Vervaayen accused regulators of focusing too much on cutting prices and, in doing so, removing the incentive for operators to invest in next-generation networks.
His argument is not a new one and was similar to the message delivered by mobile operator CEOs at this year’s Mobile World Congress. But the fact that Vervaayen has chosen a colorful image of a “digital desert” to describe the scene in Europe suggests that the message from the telecoms industry is not getting through to governments and regulators. It is also a message that appears to have little resonance with the media.
Europe’s rise and fall
It has been clear for some time now that Europe’s telecoms technology and manufacturing industry is in decline. The likes of NSN, Alcatel Lucent and Nokia are struggling to remain profitable and have shifted most of their manufacturing into Asia. Huawei and Samsung have become global powerhouses in telecoms infrastructure and devices respectively and their success has been at the expense of the European players. The US wireless infrastructure business has collapsed even more spectacularly than Europe’s but North America as a whole has become a stronger and more influential player on the global telecoms scene thanks to the rise of west-coast Internet, software and device businesses.
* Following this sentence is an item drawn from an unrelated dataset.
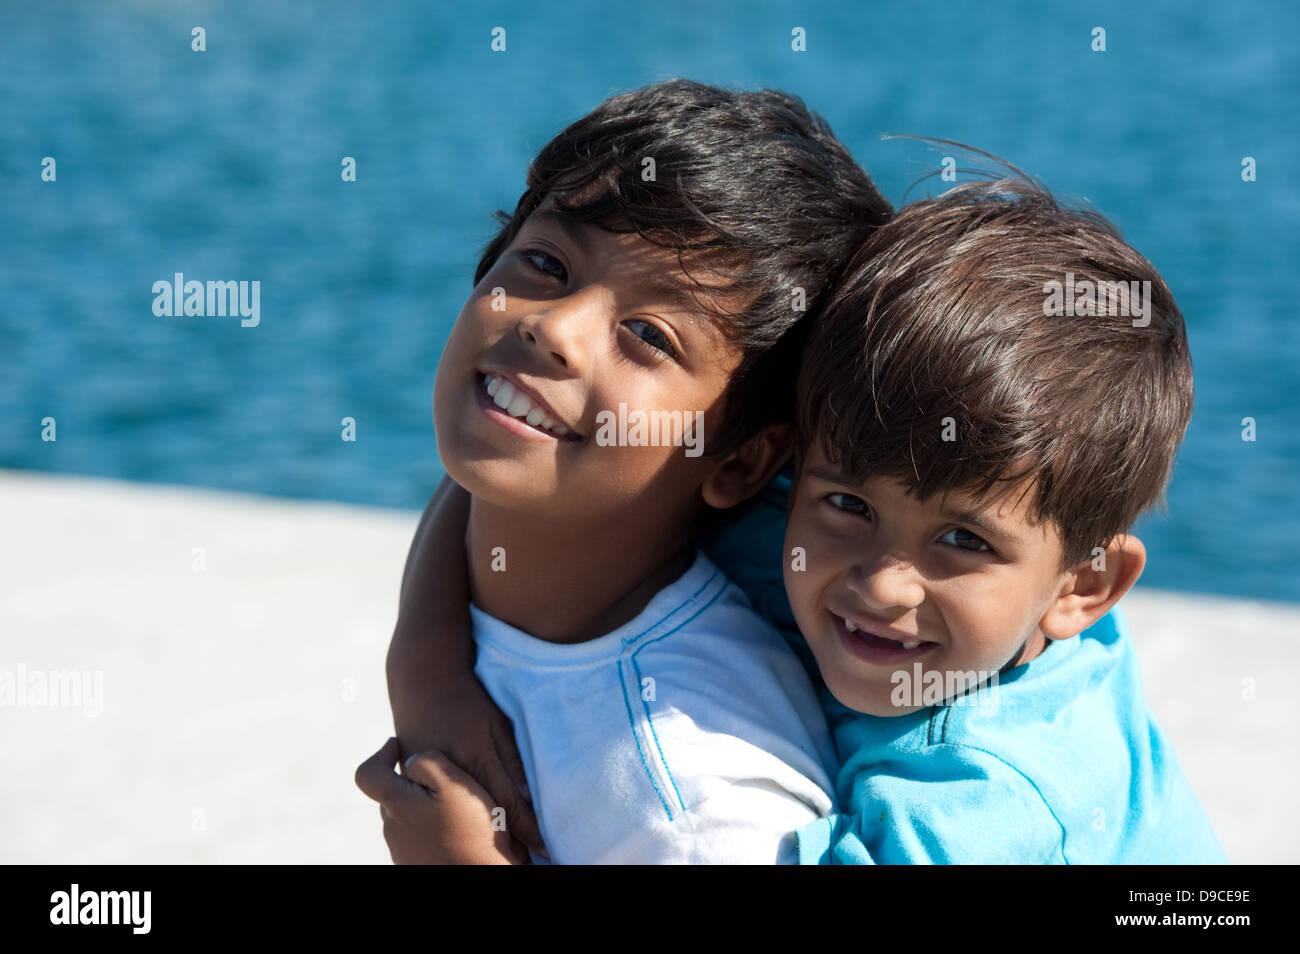 Children, Kalk Bay, False Bay, South Africa - Stock Image

Now, however, it’s Europe’s operators themselves that risk stagnation and ultimately decline. Companies such as Vodafone, France Telecom, Deutsche Telekom and Telefonica have always been viewed as global heavyweights. But a combination of saturated markets and economic downturns means that these companies are seeing their businesses stagnate in their core European markets. To protect their margins, these companies will continue to focus on cutting costs rather than growing revenues. Indeed, most of these operators seem more intent on selling their assets where they are either the third or fourth operator or where they own minority stakes rather than acquiring new ones.
So, to what extent should the European Union be held in any way responsible for the demise of the telecoms sector and what can or should European institutions do to help it?
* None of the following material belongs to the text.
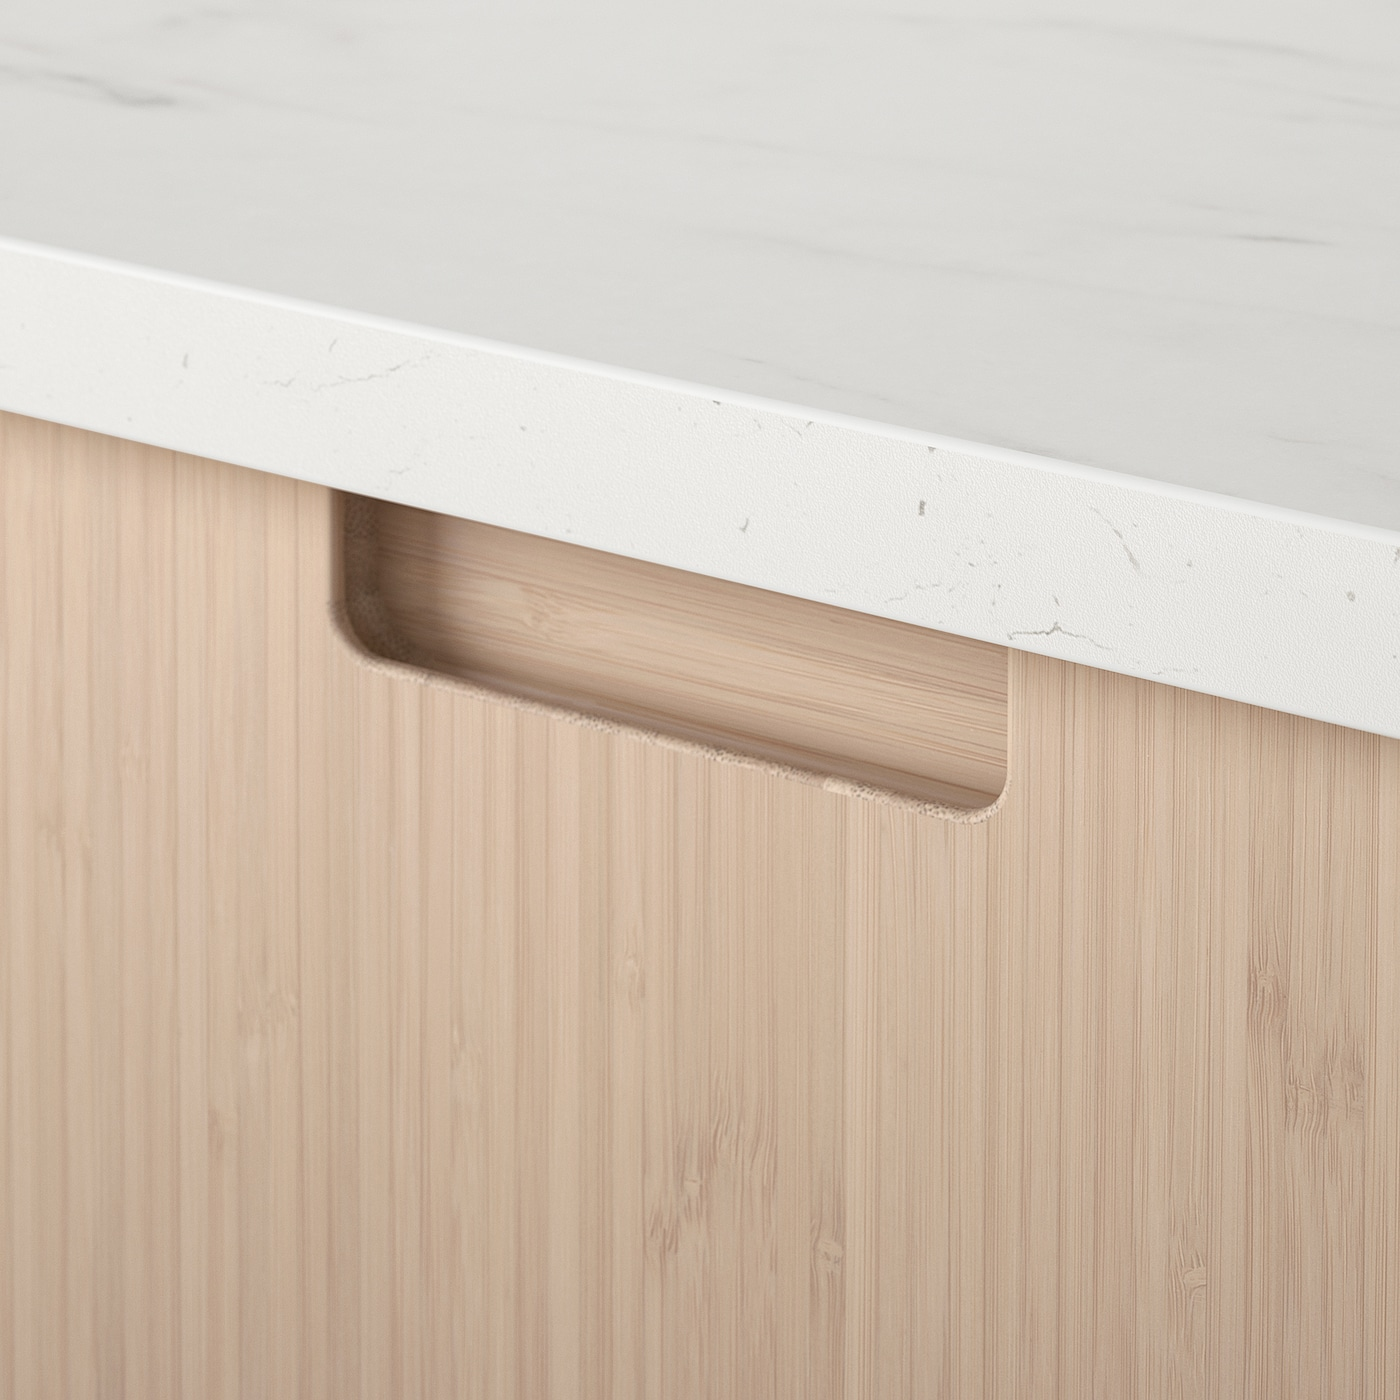 "FRÖJERED Drawer front, light bamboo, 18x10 """

Part of the problem lies in the fact that Brussels did so much 20-25 years ago to help Europe become the heartbeat of the global mobile market. The creation of GSM and associated spectrum allocations, the expansion into GSM1800 and the introduction of three- and four-operator markets enabled Europe to set the pace in the global mobile market. As European technology and policies were adopted in other continents, European companies followed and grew fat on the opportunities that they presented.
The reversal in the fortunes of the European players dates from the auctioning of 3G spectrum at the start of this century. 3G license fees took tens of billions of euros out of the European telecoms market.
The rise and fall has been less pronounced in the fixed business. The regulatory focus has been introducing competition via LLU and, at the same time, trying (with limited success) to persuade the incumbents to invest in next-generation access networks.
Brussels has not explicitly said that it is now satisfied with the level of competition in fixed and mobile markets although its policies do indeed suggest that this is the case. For example, there has been no attempt in LTE spectrum auctions to reserve frequencies for new operators. Furthermore, EU officials have recognized that EU consumers cannot assume that the price of telephone services will continue to fall as rapidly as has been the case in recent years and that the price of some services could even go up.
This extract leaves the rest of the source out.